Work instruction
Output all of the data below without changing a word, and exclude the pictures.

Collected data
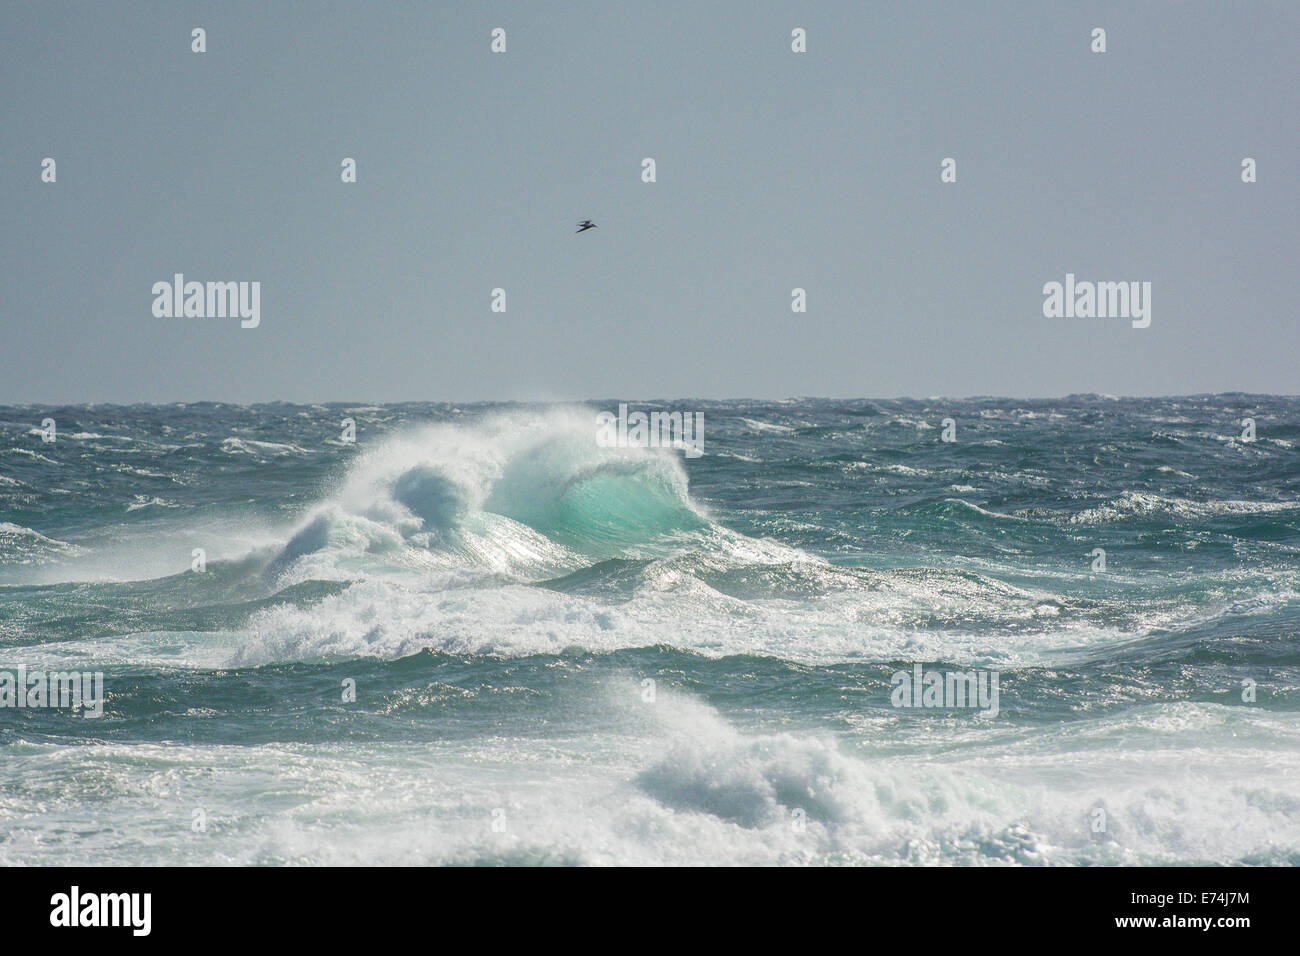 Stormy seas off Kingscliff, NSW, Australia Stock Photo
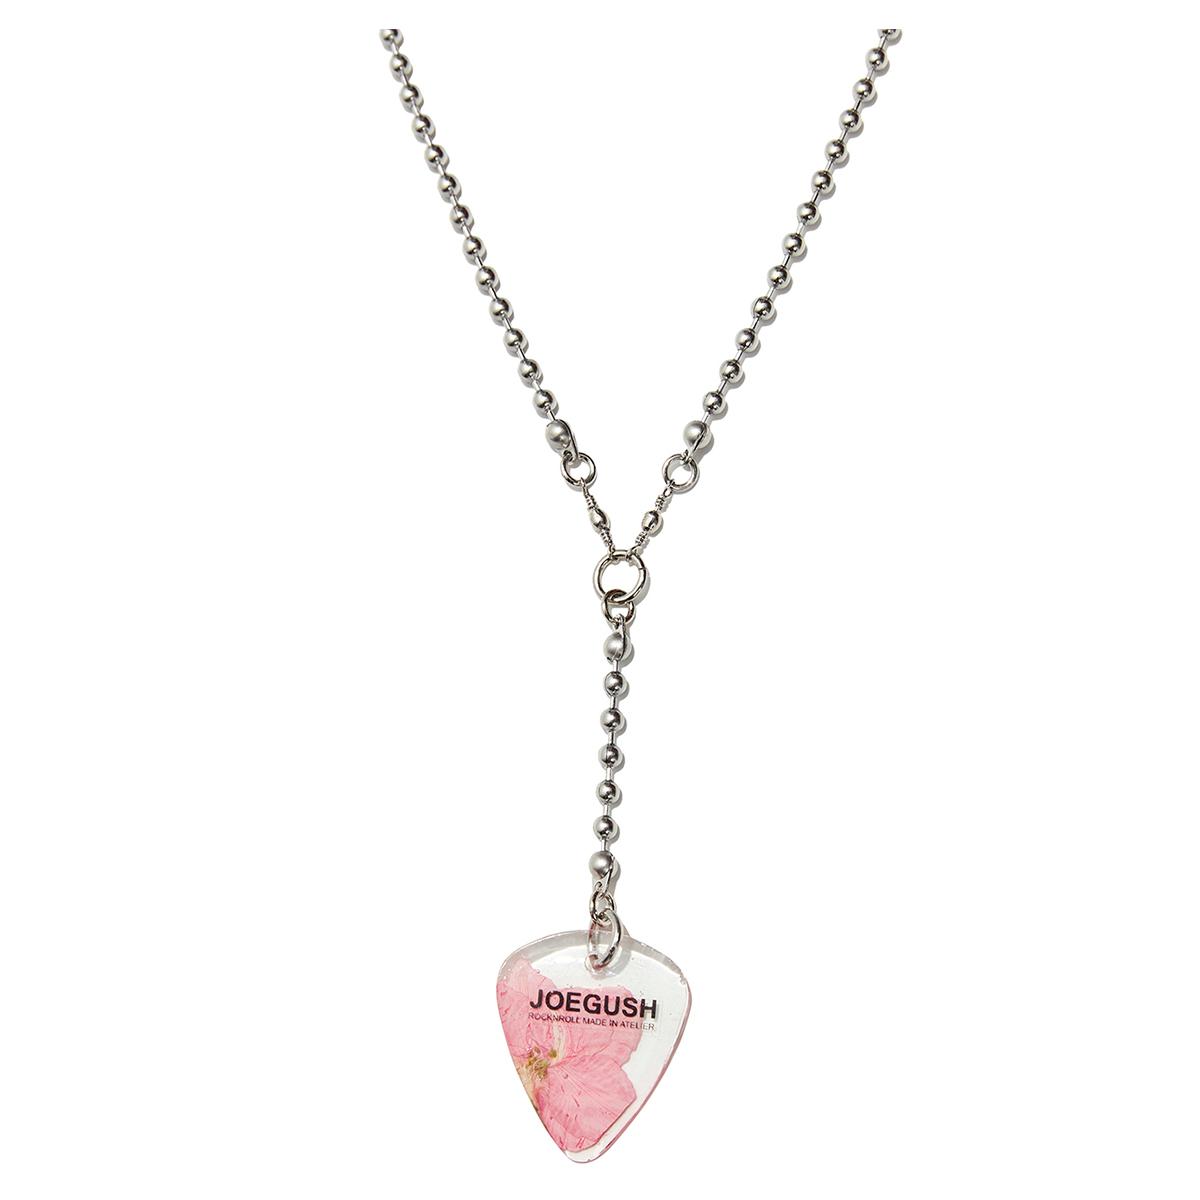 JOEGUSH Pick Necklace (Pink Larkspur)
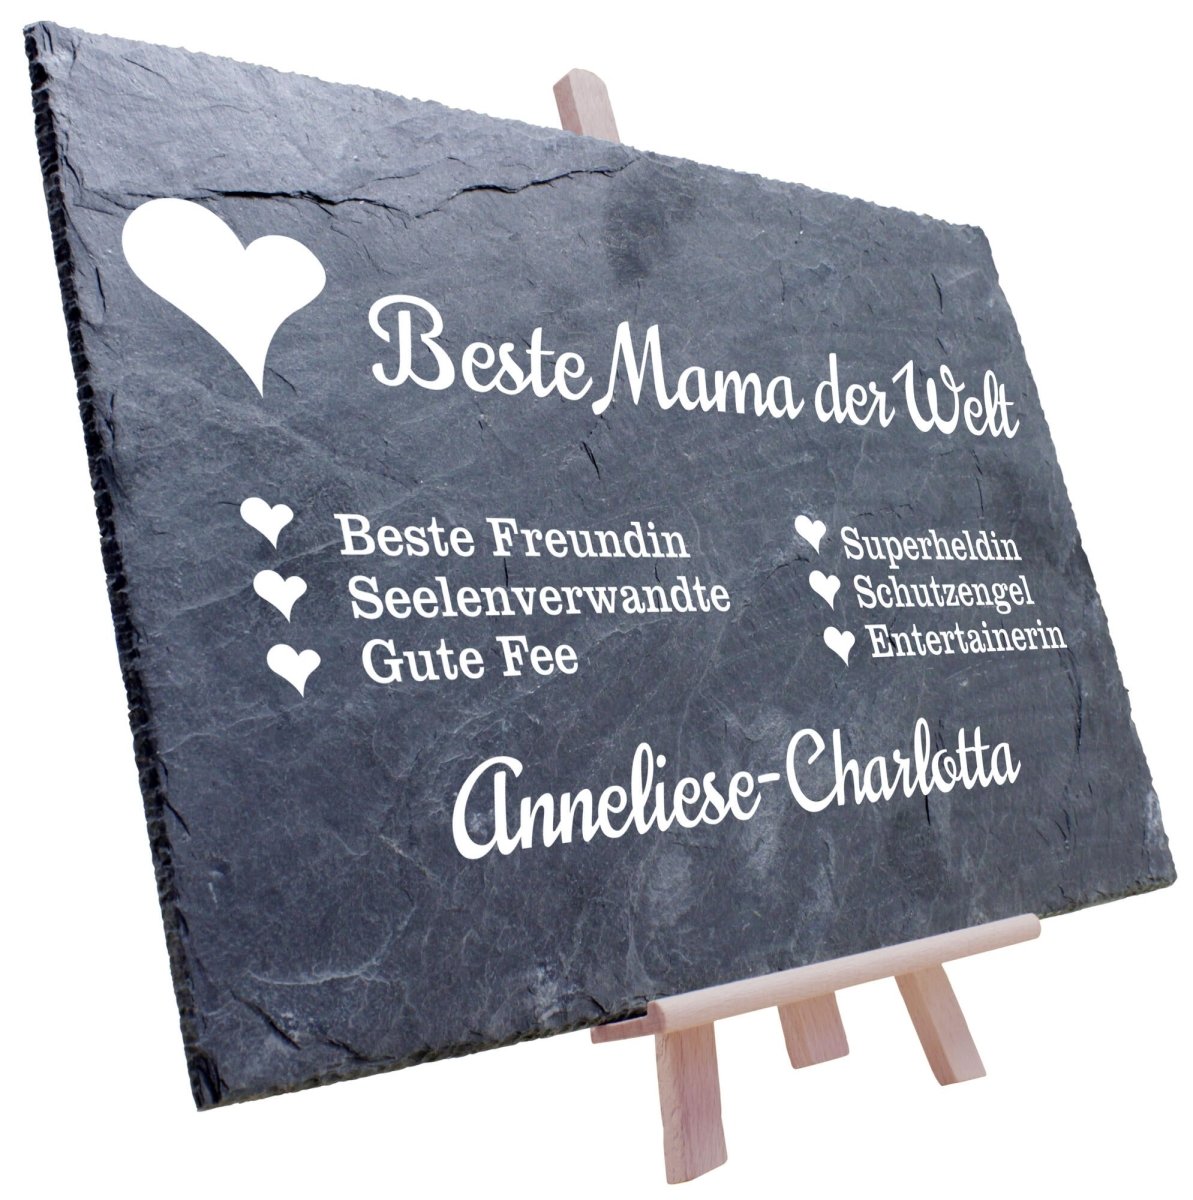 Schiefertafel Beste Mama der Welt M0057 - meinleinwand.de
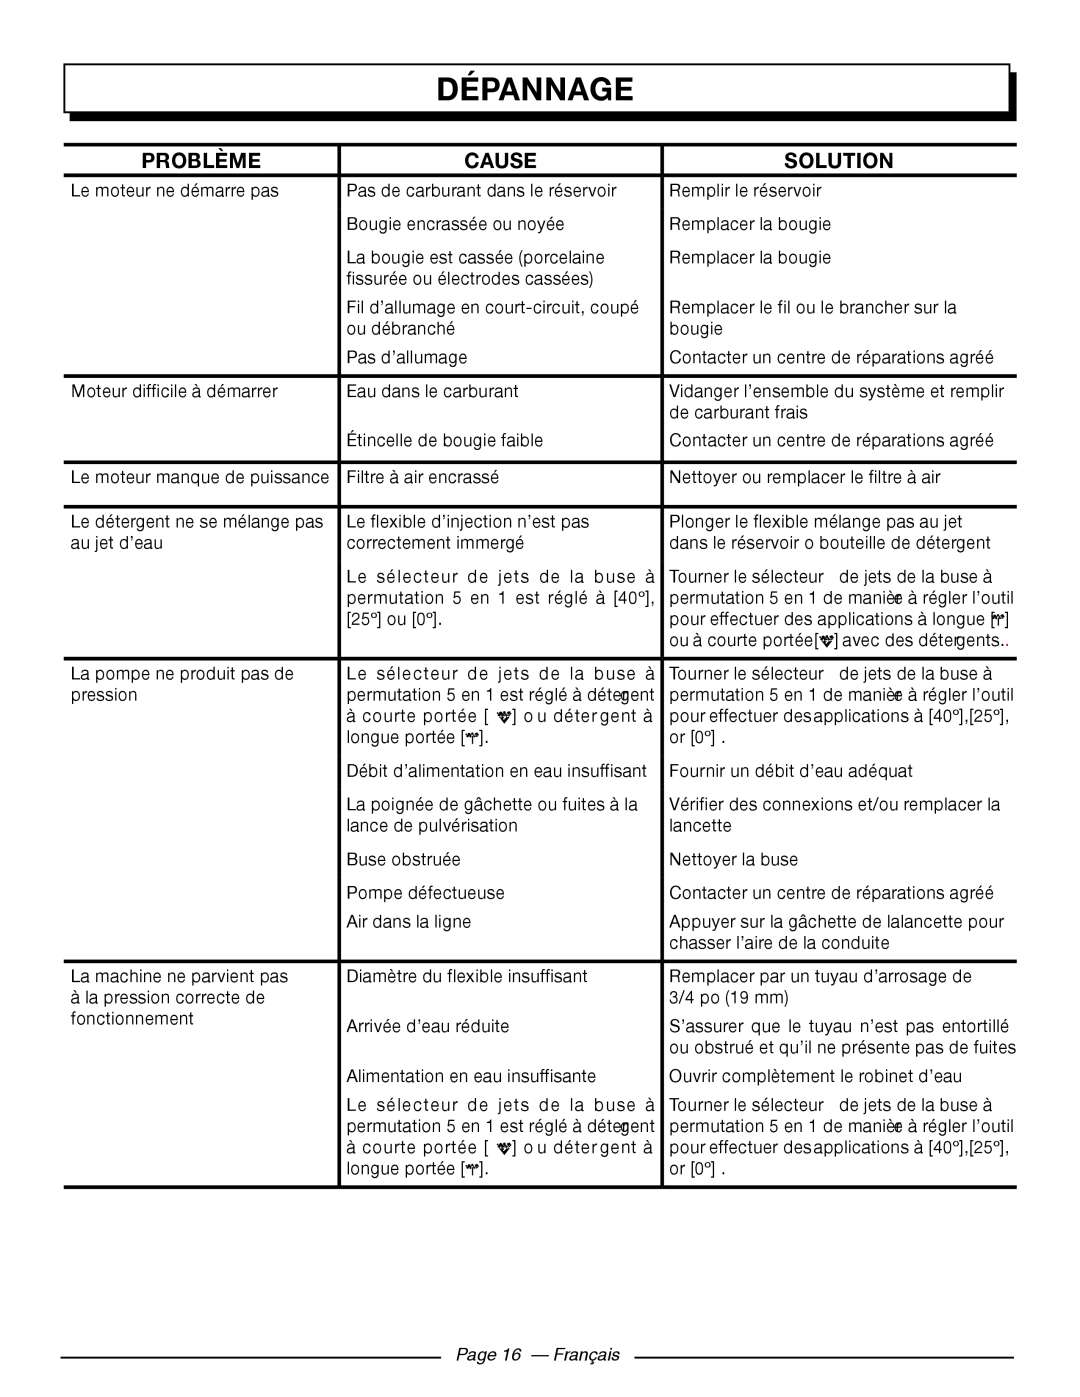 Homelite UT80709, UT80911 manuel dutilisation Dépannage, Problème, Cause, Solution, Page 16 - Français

The completed task
 Stormy seas off Kingscliff, NSW, Australia Stock Photo
 JOEGUSH Pick Necklace (Pink Larkspur)
 Schiefertafel Beste Mama der Welt M0057 - meinleinwand.de
 Homelite UT80709, UT80911 manuel dutilisation Dépannage, Problème, Cause, Solution, Page 16 - Français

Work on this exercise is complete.